When everybody is responsible, in reality, then nobody is responsible.

Jinx: Please show me one company that has more managers than employees. Just one.

An Ode to Managers - Or “Why Managers Aren’t Quite So Fucking Pointless As I Thought They Were”

I used to have a manager,
I felt he did oppress,
Just answering phones and “networking”…

“Project Managing”?! come on! could he have done any less???
but then he fucked off to Patagonia,
and now i’ve found to my distress,
that rather than sites and web-coding…

I’m the one who has to “project manage” - something i could care about any less!

Garius (2003)


Skilled managers are a huge advantage for a company.

Incompetent or ineffectual managers are a huge liability for a company.

In my line of work (software development) a good manager knows he/she is there to get the most out of their expensive and skilled development staff. A bad manager doesn’t get this, and often attempts to add value by introducing unneeded process, and often thinks that they are the key cog in the machine. The best managers get out of the way, and facilitate productivity from their people.

blah blah blah…

In my experience, incompetent managers are more common that skilled managers, probably because of the diverse set of skills required. The skilled managers I’ve worked with over 20 years were memorable, made my job better and more fun, made a big positive difference, and sadly, were rare.

The bad managers should have been fired, but often, their managers were incompetent too.

I always thought that managers existed in order to spare me from going to meetings and being more bored/stressed than I already was.

Corporate managers aren’t really necessary. Haven’t you heard of Enron, K-mart and TWA?

Spoken like a true worker-bee. (read:drone) Those businesses tanked/are tanking not because of the middle management, but because of the external auditors and the officers. Note that in general officers (VPs and higher) do not run daily operations and tend to have less of a clue about what’s needed to remain profitable. The examples you lay out above are merely examples of bad management. Doesn’t mean management isn’t necessary.

As a corporate communications manager, I recently learned via The Hard Way, of my own position’s value. Last year, my department suffered an insurrection. This is mostly due to my own inaction. I supervise a great team of self-directed staff. They do most of the work and my job is to make sure they do it and to follow the money (pay the vendors, monitor the budget, report variances, etc.) I was having personal morale issues and ceased to care what went on in my department, trusting my staff of professionals to take care of business. They were always clamoring about wanting more autonomy anyway, so I gave it to them.

Staff (worker bees like yourself) do not like unstructured work environments, no matter how much they may complain about rules and regulations and so forth.
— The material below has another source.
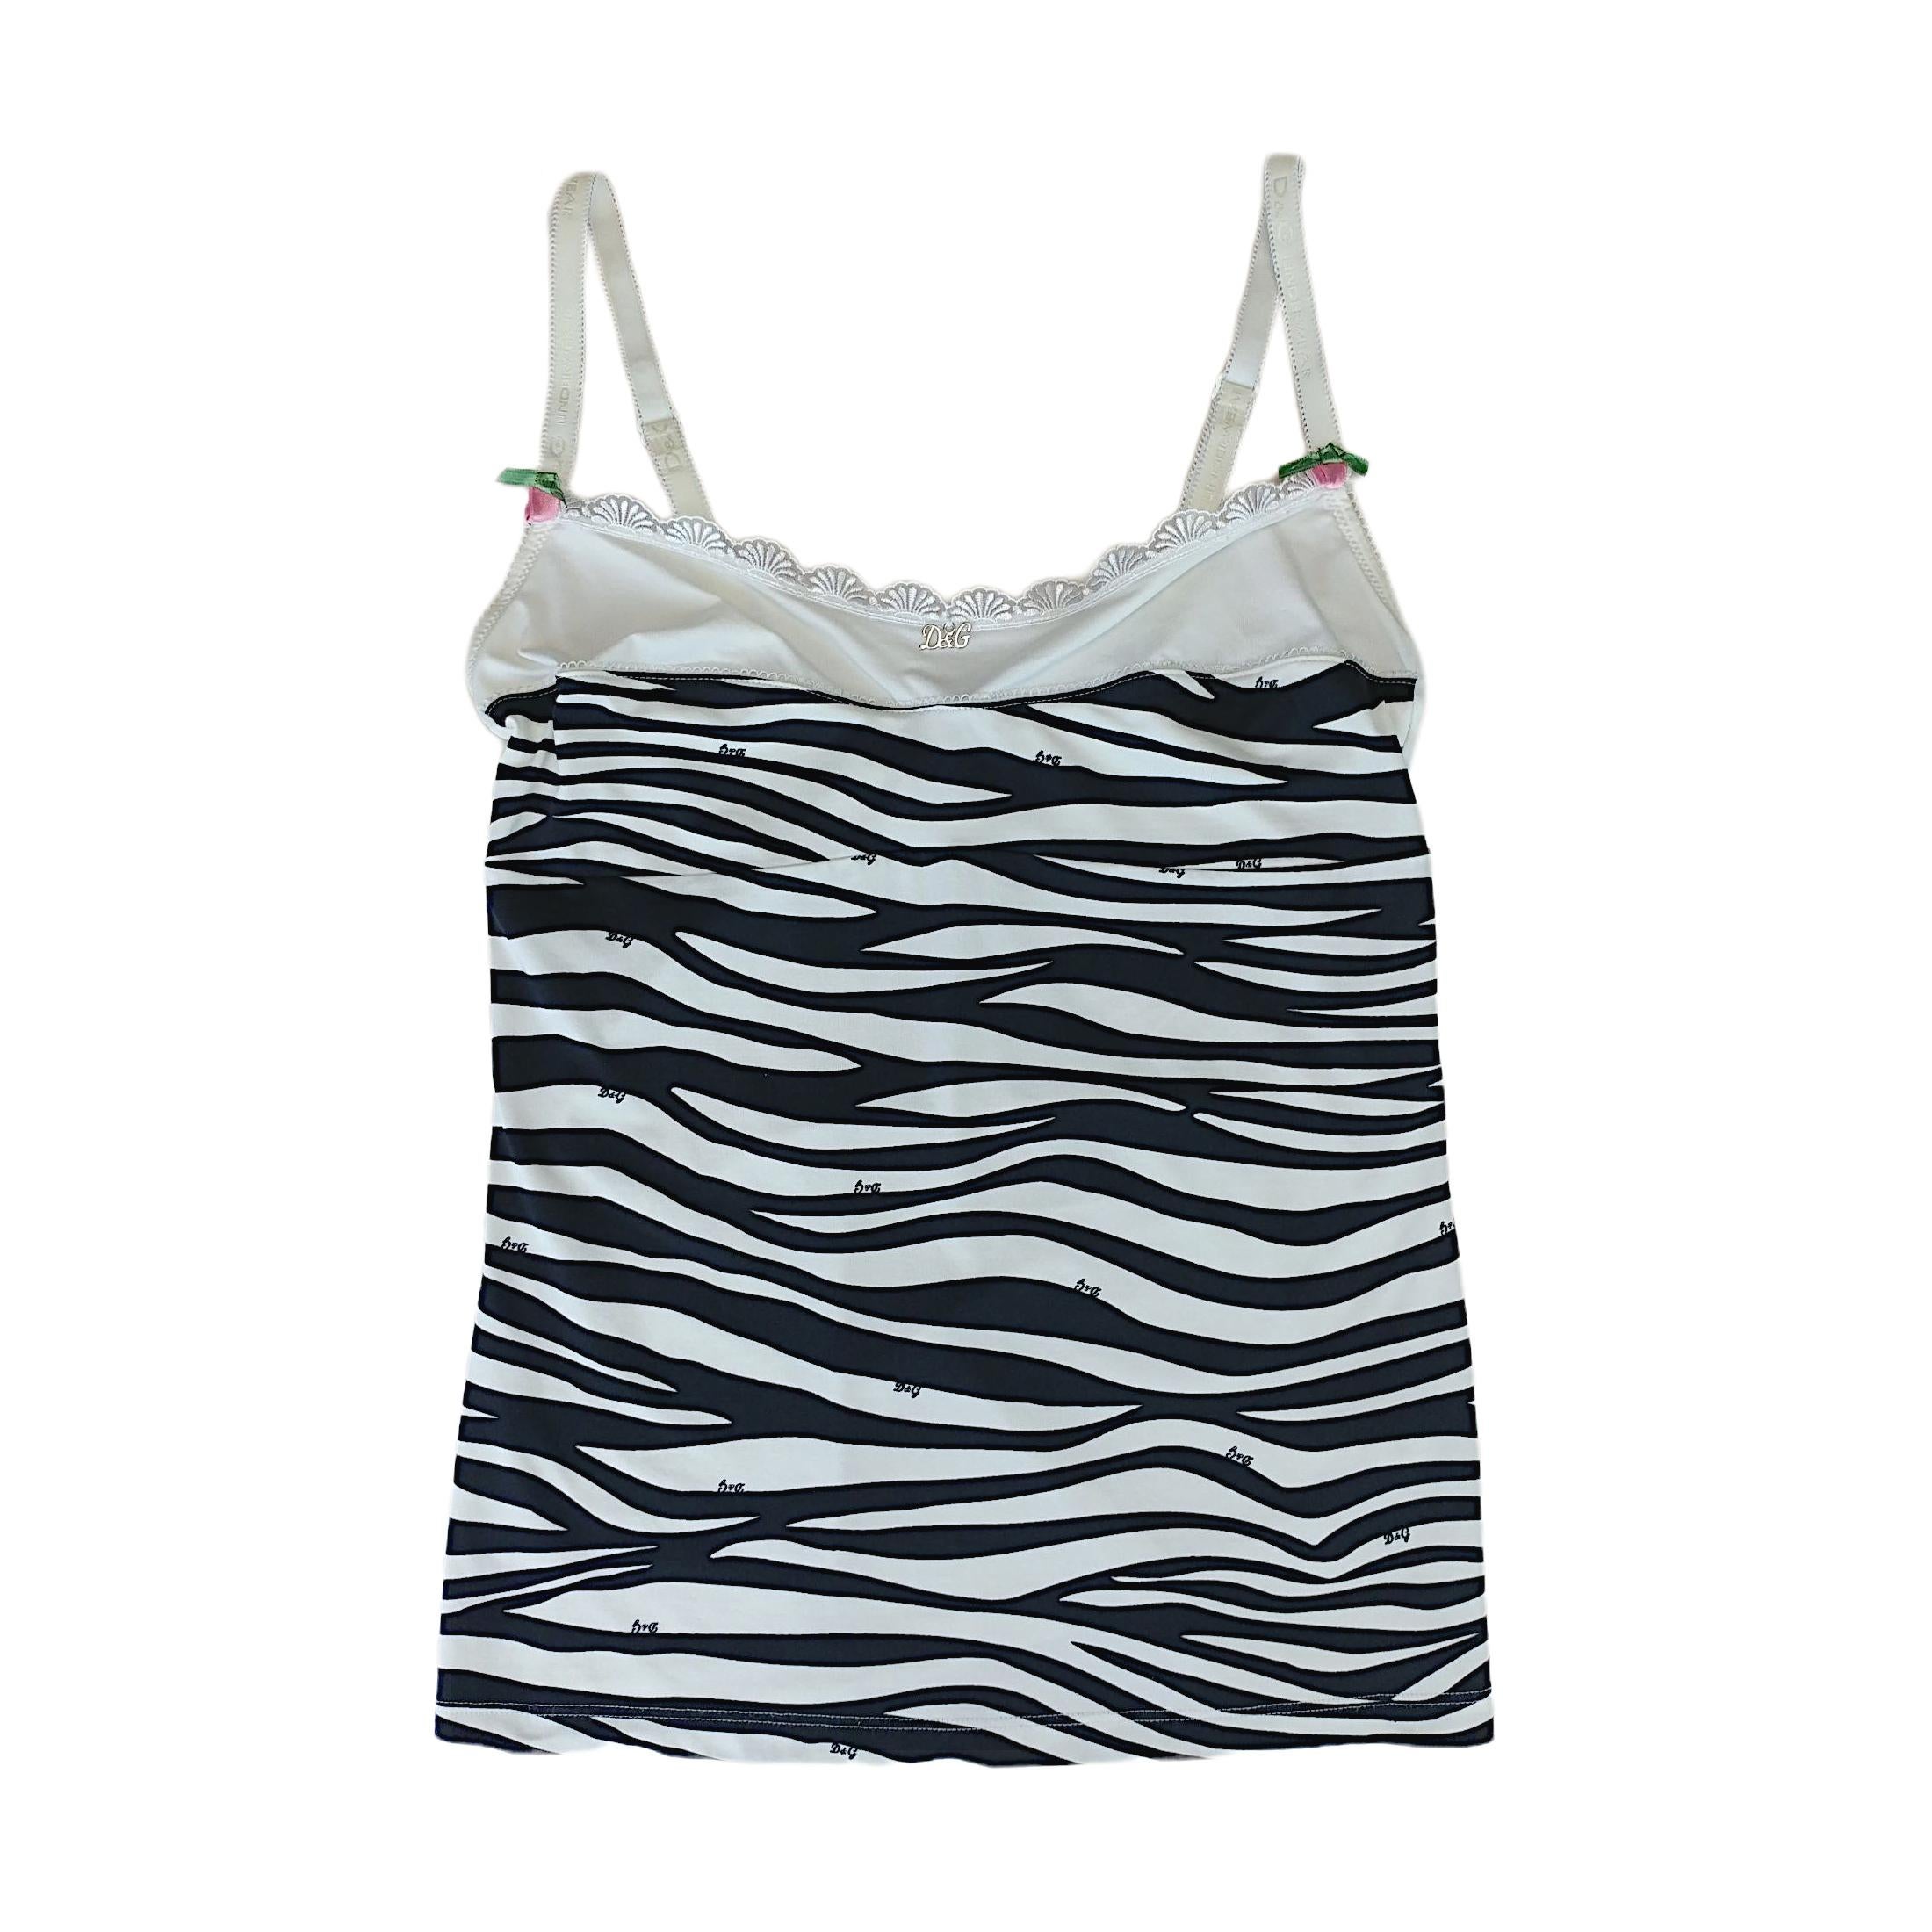 This tank top is an iconic example of the animalier style pursued by Dolce & Gabbana over the years. It is in very good vintage conditions, with two small roses on the straps and the authenticity hologram well

When I finally pulled my head out of my own ass, I found the best way to regain control and re-earn respect (another commodity that does not grow on trees) was to be very strict about the rules. I went from Ms. Nicey Nice to Hard Core Bitch Manager pretty much overnight. (At least I warned them I was about to do a 180.) Within weeks, the team’s productivity had increased, communication was open and flowing freely and tension was diffused. We were a happy little team again.
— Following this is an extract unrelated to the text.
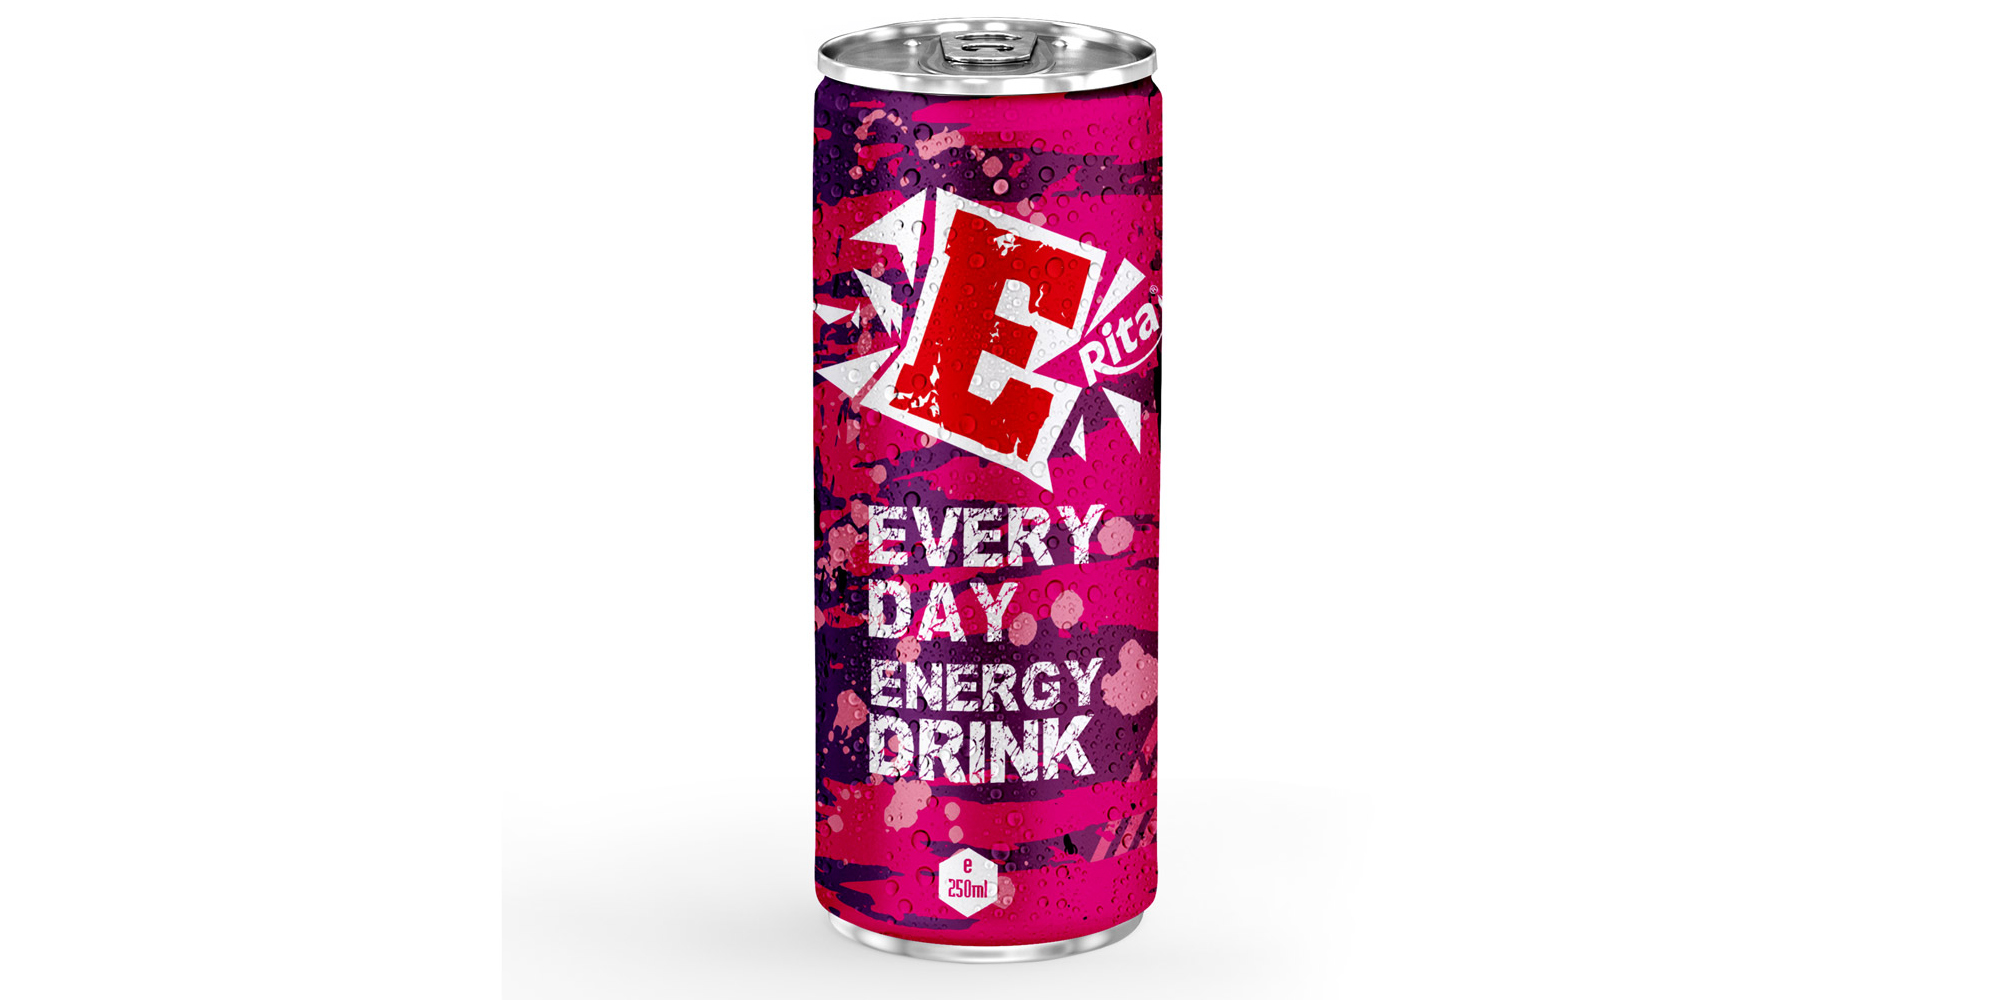 Energy drink 250ml aluminum canned  3

Bottom line: Management, much like parenting and training dogs, requires discipline and consistency. If the manager, parent or dog trainer is inconsistent or provides no structure and routine, what happens? The dog, the kid, the employee will walk all over you, nothing will get done, nobody will learn anything. I learned that my staff looks to me to lead and does not want to lead themselves, regardless of their clamoring for more autonomy. When I give it to them they are less happy and therefore, less productive, than when I give them structure and leadership.

Further, sometimes they call me in to pull rank. For some reason certain internal or external customers will not respond to them if they do not have the word “manager” in their title. They call me, I go ask for the exact same thing in the exact same way, and get it. But only because I’m the manager and certain cretins do not offer respect to anyone else.

I was referring to Corporate management, not middle management. There was no corporate management, there was only individuals out for themselves.